Big Technical Data, the Cloud and Data Residency
by Claude Baudoin, Principal Consultant at cébé IT & Knowledge Management. May 2015
The Oil and Gas industry provides an excellent example of some of the conundrums that face the industrial world when it considers the adoption of new information technologies.
On the one hand, this should be a dream environment. Traditional data gathering techniques such as seismic studies, measurement while drilling (MWD) and traditional oil well studies (“wireline logging”) have long produced large amounts of data that complex software algorithms process to guess where the oil or gas is trapped, and what its characteristics are. This has now been augmented with permanent sensors embedded in oil wells, so that the gathering of data no longer stops when drilling is finished, but goes on for the life of the oil well, perhaps 30 to 50 years. As in other examples of the Internet of Things (IoT), there is almost no limit to what big data analytics can discover based on this mass of data, which you have to store and process somewhere.

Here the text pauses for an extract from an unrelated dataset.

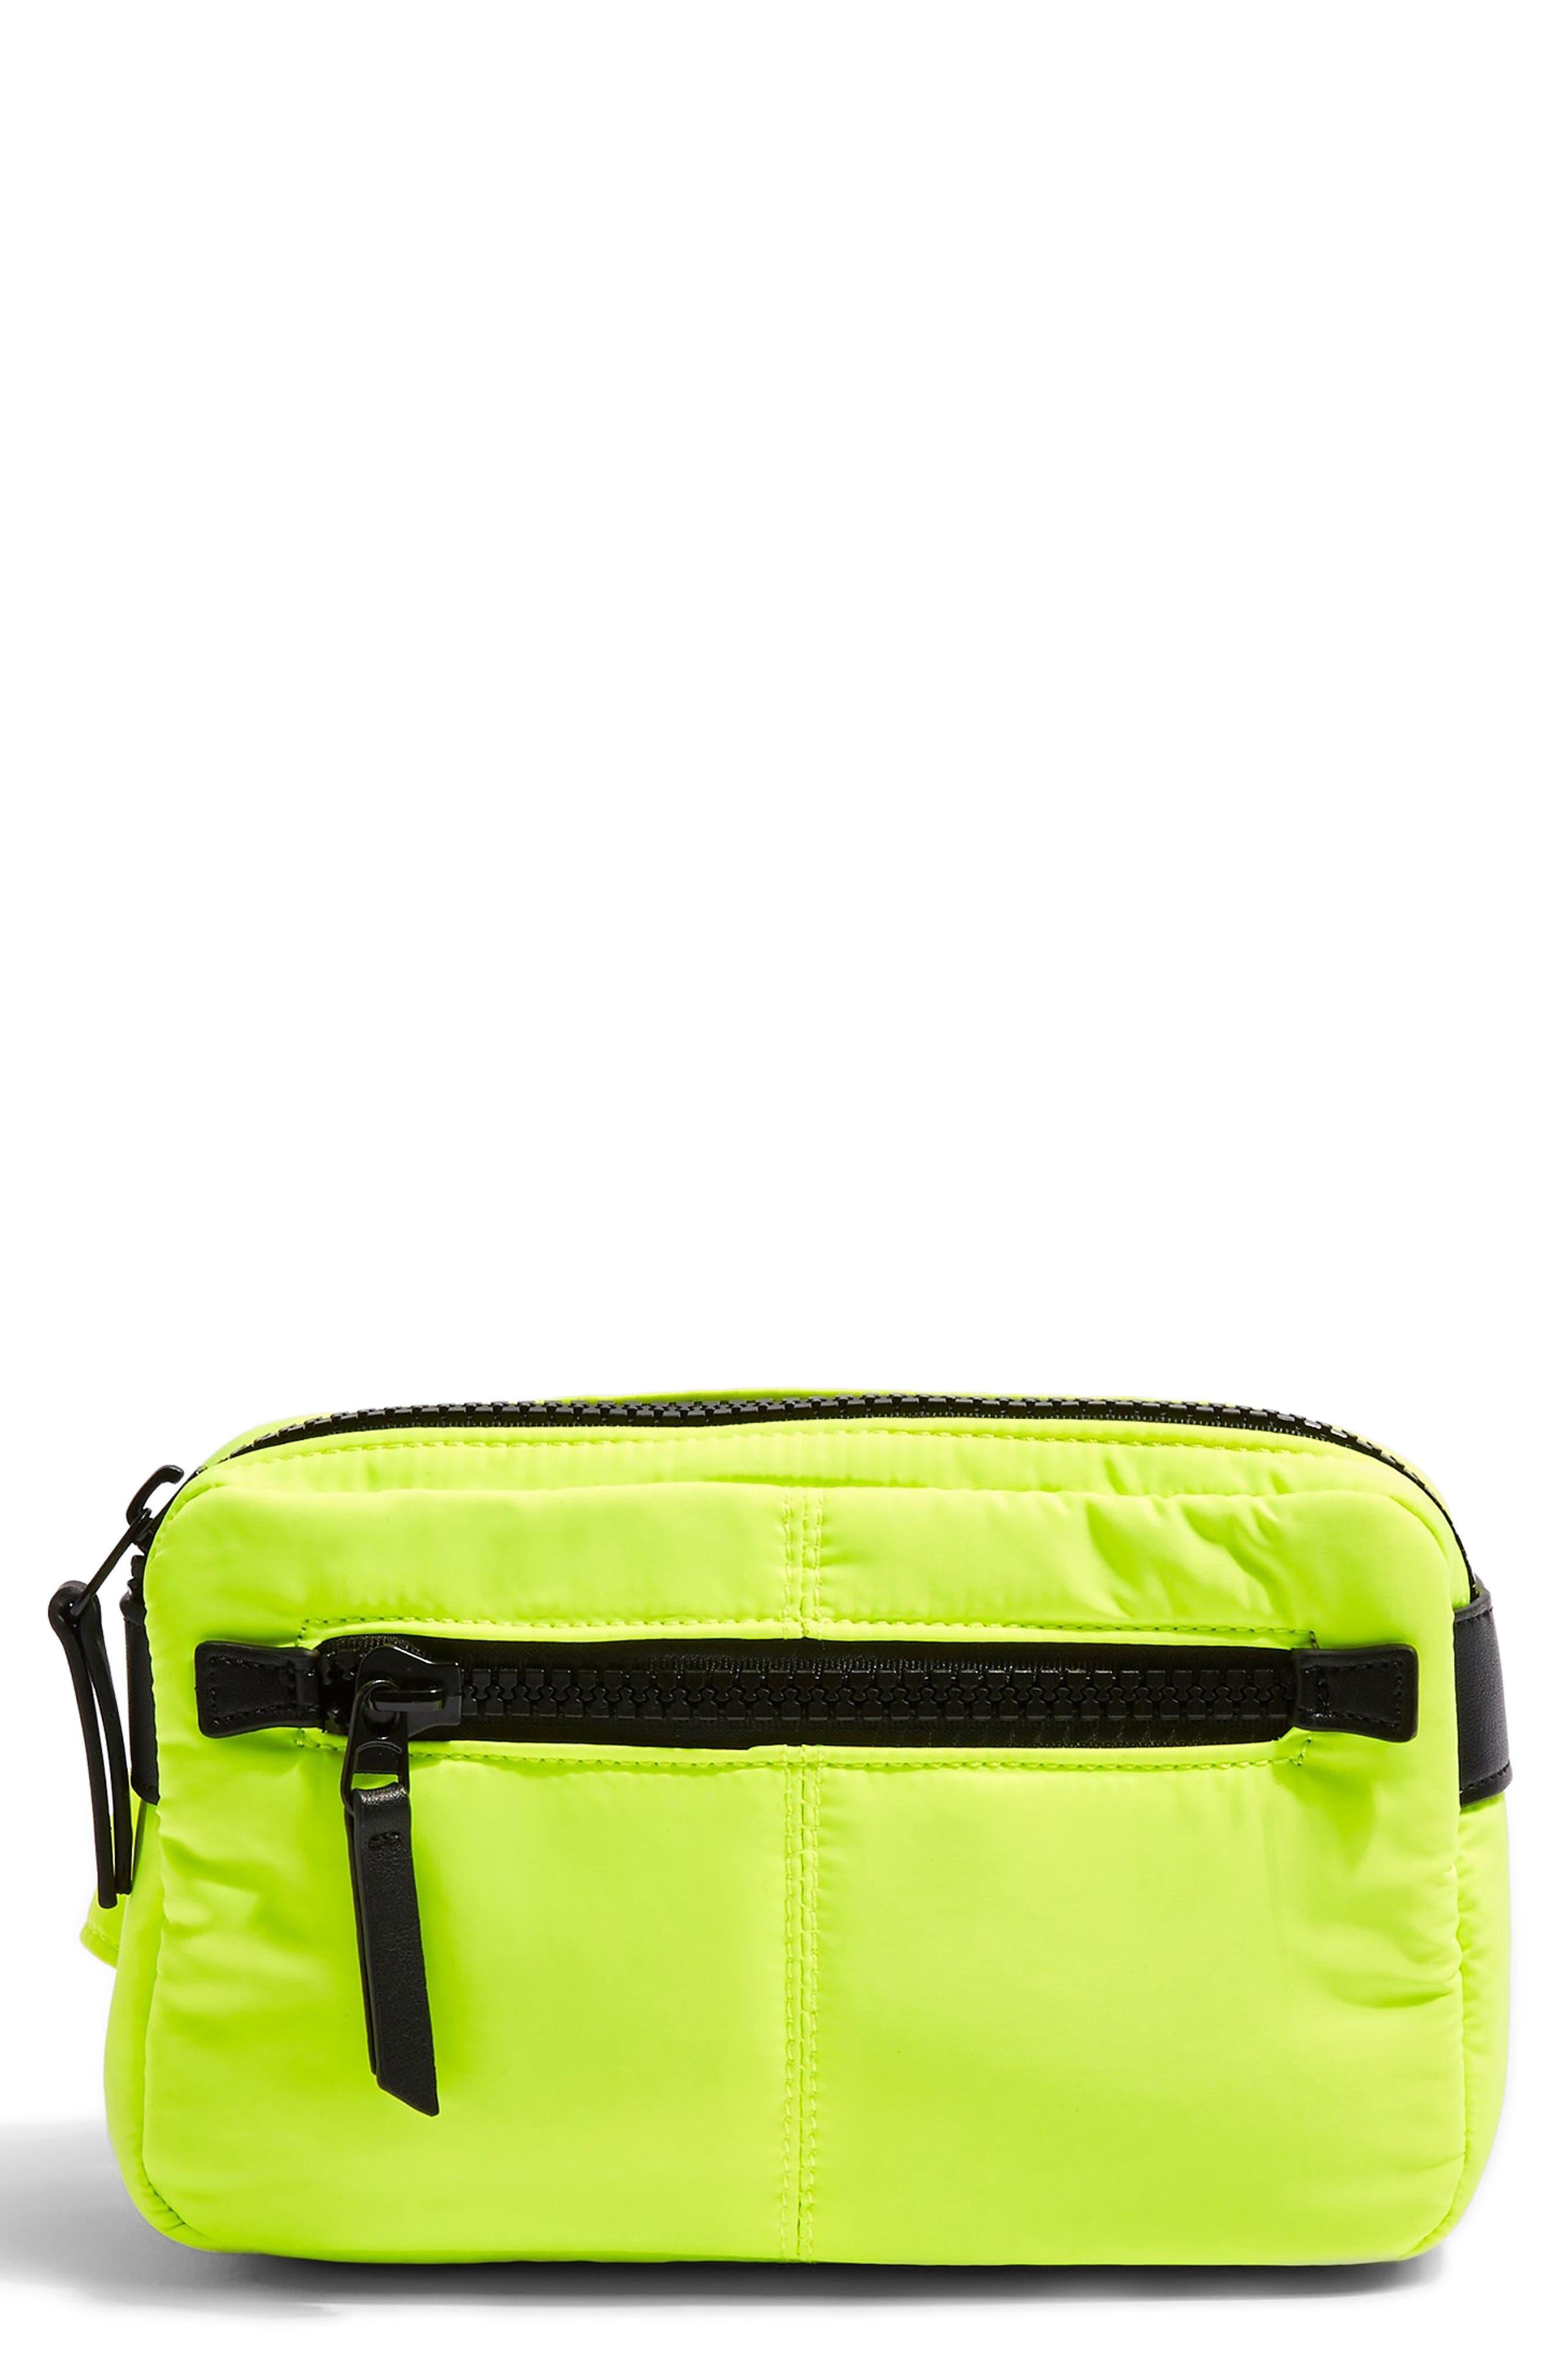 Topshop Berlin Belt Bag - Yellow 8bb7e987cf8b9

The data volumes in question and the lack of high-speed networking infrastructure at the point of acquisition (think of the deserts of Saudi Arabia or offshore Brazil) have always been a challenge for data processing. At the end of a seismic campaign, a truck is often required to take the data cartridges off the boat and to a data center. Meanwhile, the data center on the ship has already produced intermediate results and transmitted them over satellite links.
Not every company has the software or the data center capabilities to perform the most extensive analyses, and the software to do so is very expensive and evolves rapidly. This seems to be a match made in heaven for a Software as a Service (SaaS) cloud offering. Yet this idea is only now starting to be explored. For example, the leading oilfield services company, Schlumberger, is offering its Intersect 3-D reservoir simulator, jointly developed with Chevron and Total over a ten-year period, in the cloud.
Part of the challenge lies in the data volumes. To get the data processed in the Schlumberger data centers, you have to get it there. Another key obstacle is the extremely high – some would say paranoid – sense of confidentiality attached to this data, on which multi-billion dollar decisions are based.
But a factor that was initially neglected, and has become increasingly important in the past decade, is data residency. Depending where the oil company operates, it may be subject to a host of regulations about what it can do with the data.
Some countries consider their subsurface data to be a sovereign asset, which is only licensed to the oil company in order to prospect and develop the oilfield, but never ceases to belong to the government, and cannot be exported. Other countries are willing to let the data out of the country in order to be processed by highly skilled subcontractors… but when the interpreted data comes back, it wants to levy a value-added tax since the data is now more valuable!
Politics, technology and geography thus combine to create a complex situation – and we didn’t even mention the fears of industrial spying if the data ends up in a cloud that’s hosted in, say, China or under the watchful eyes of the U.S. National Security Agency. Surely, the same issues will confront finance, healthcare and other industries.
We have the fancy technology (cloud, BDA, IoT, etc.) – now we have to solve the real problems!